YOUR TASK
Return the listing in full and exactly, but without a single picture.

STORED DATA
========================================

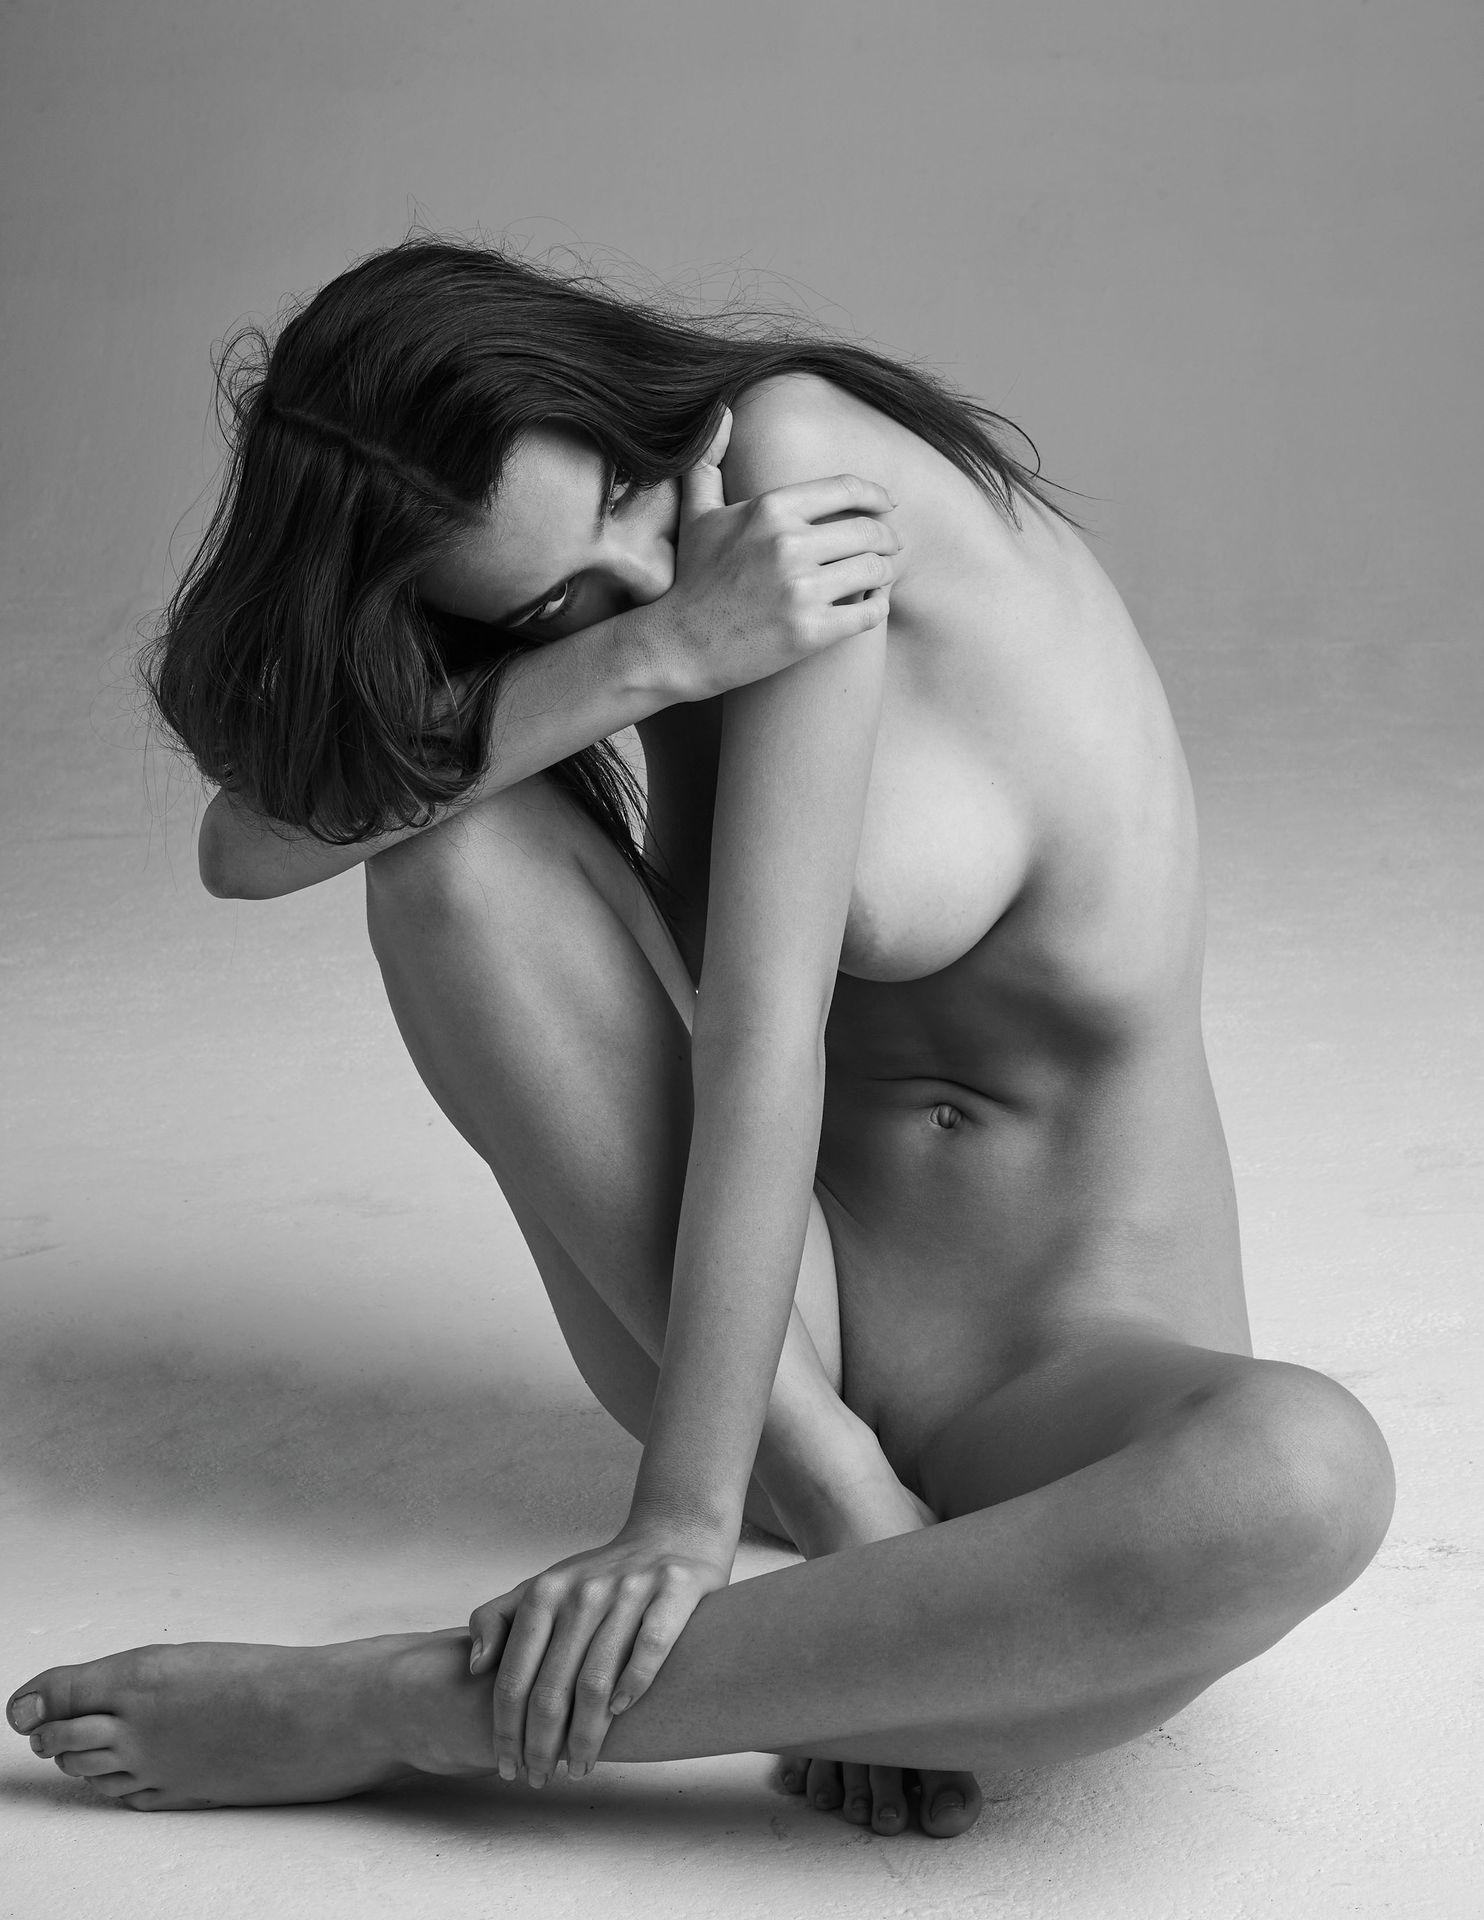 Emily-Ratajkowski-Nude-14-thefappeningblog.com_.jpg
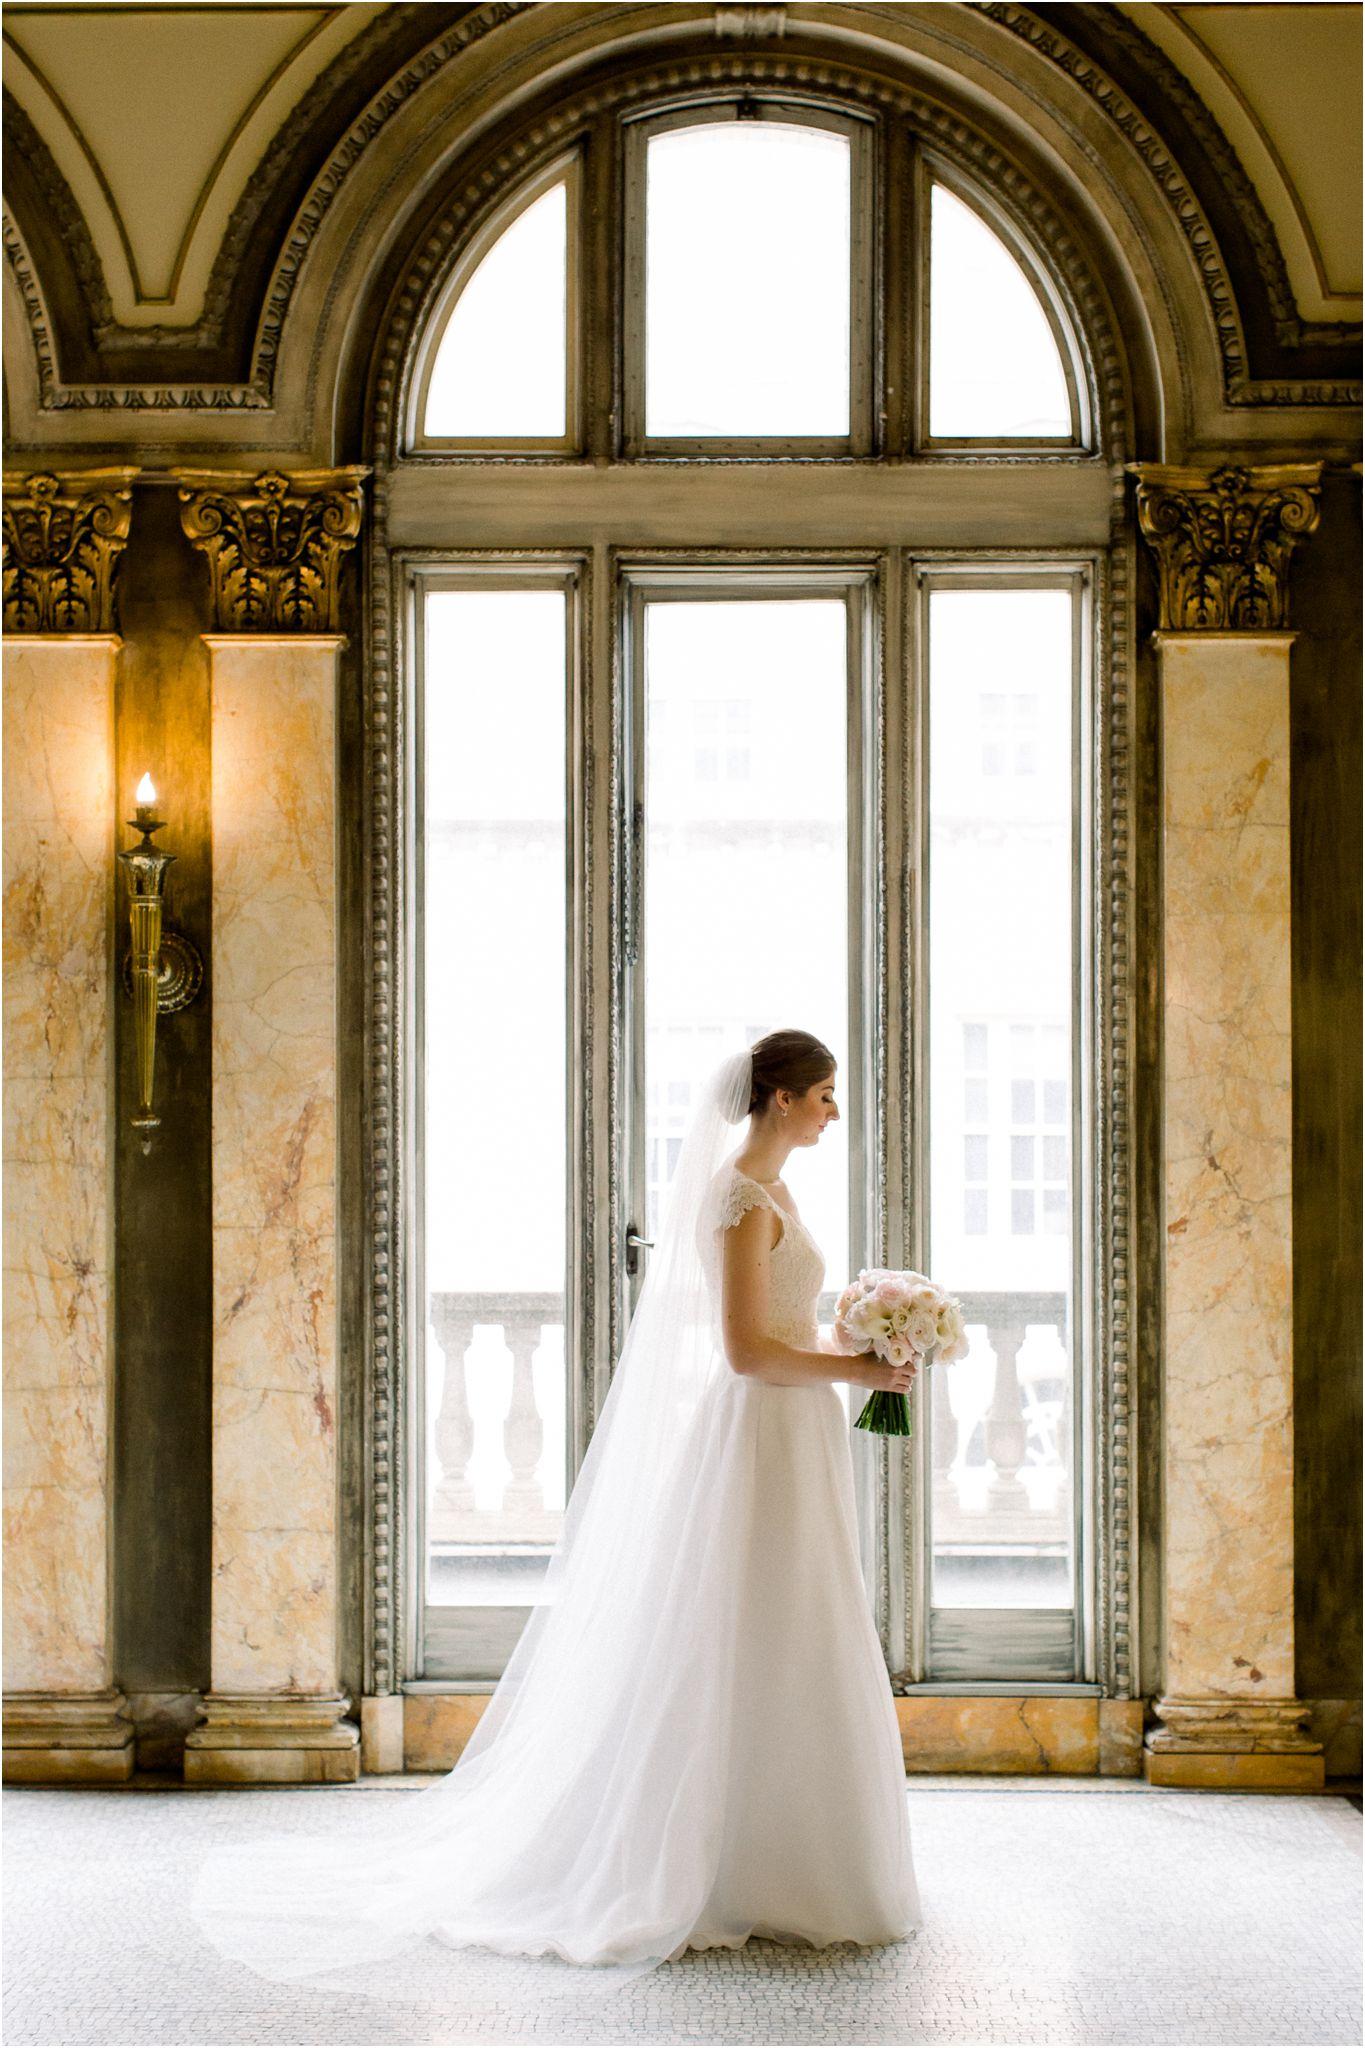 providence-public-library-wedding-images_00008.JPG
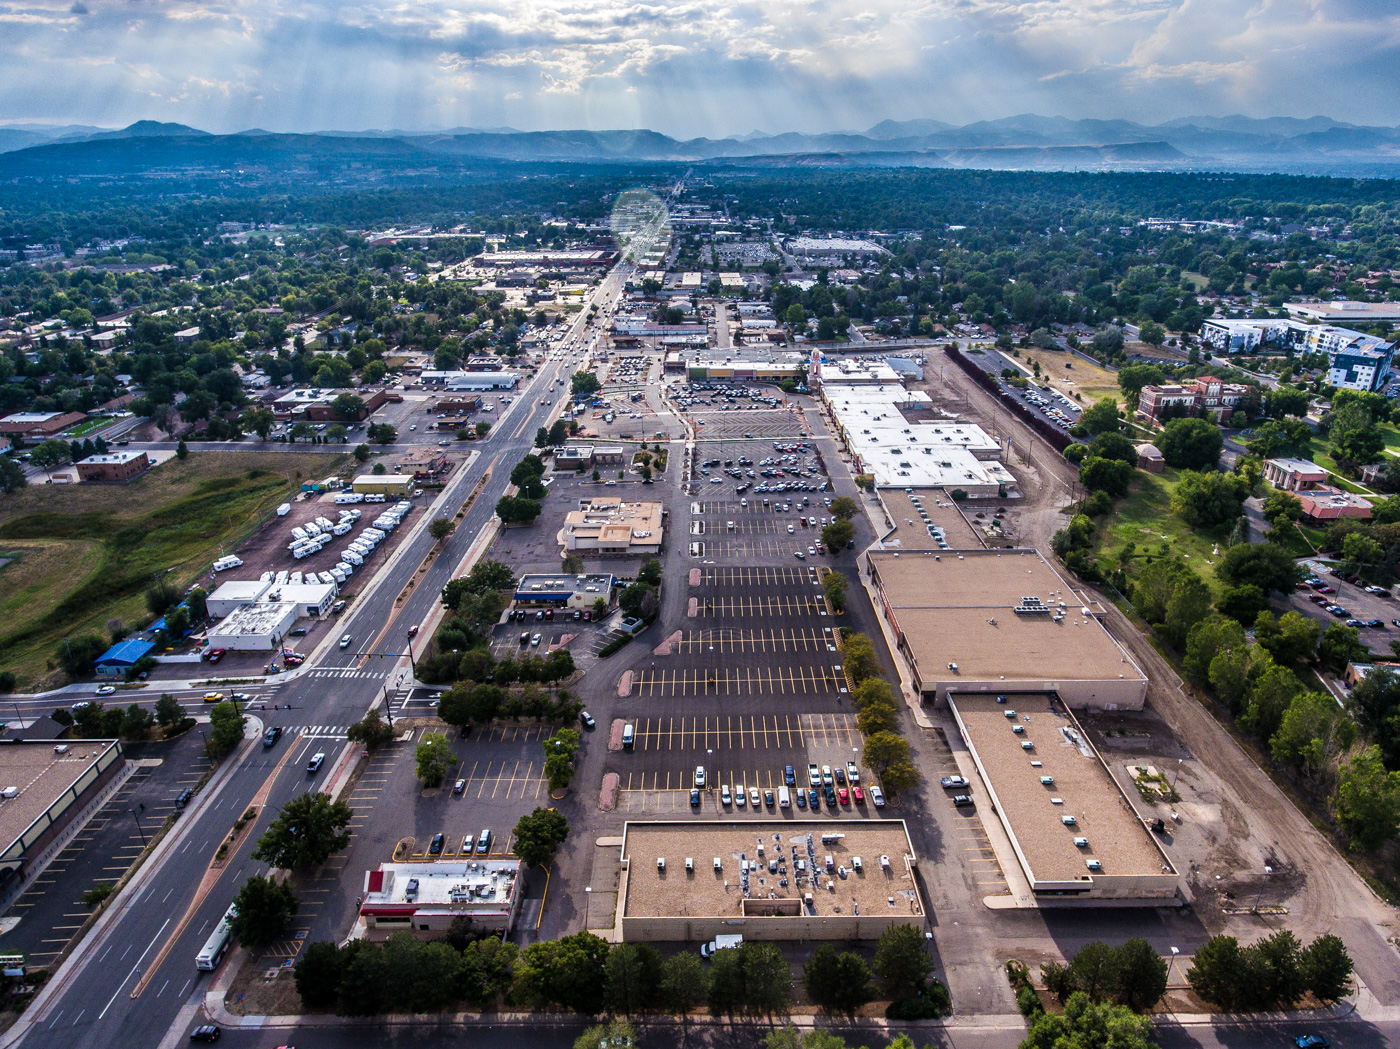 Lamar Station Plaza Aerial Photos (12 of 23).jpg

========================================

RESULT OF THE TASK
 Emily-Ratajkowski-Nude-14-thefappeningblog.com_.jpg
 providence-public-library-wedding-images_00008.JPG
 Lamar Station Plaza Aerial Photos (12 of 23).jpg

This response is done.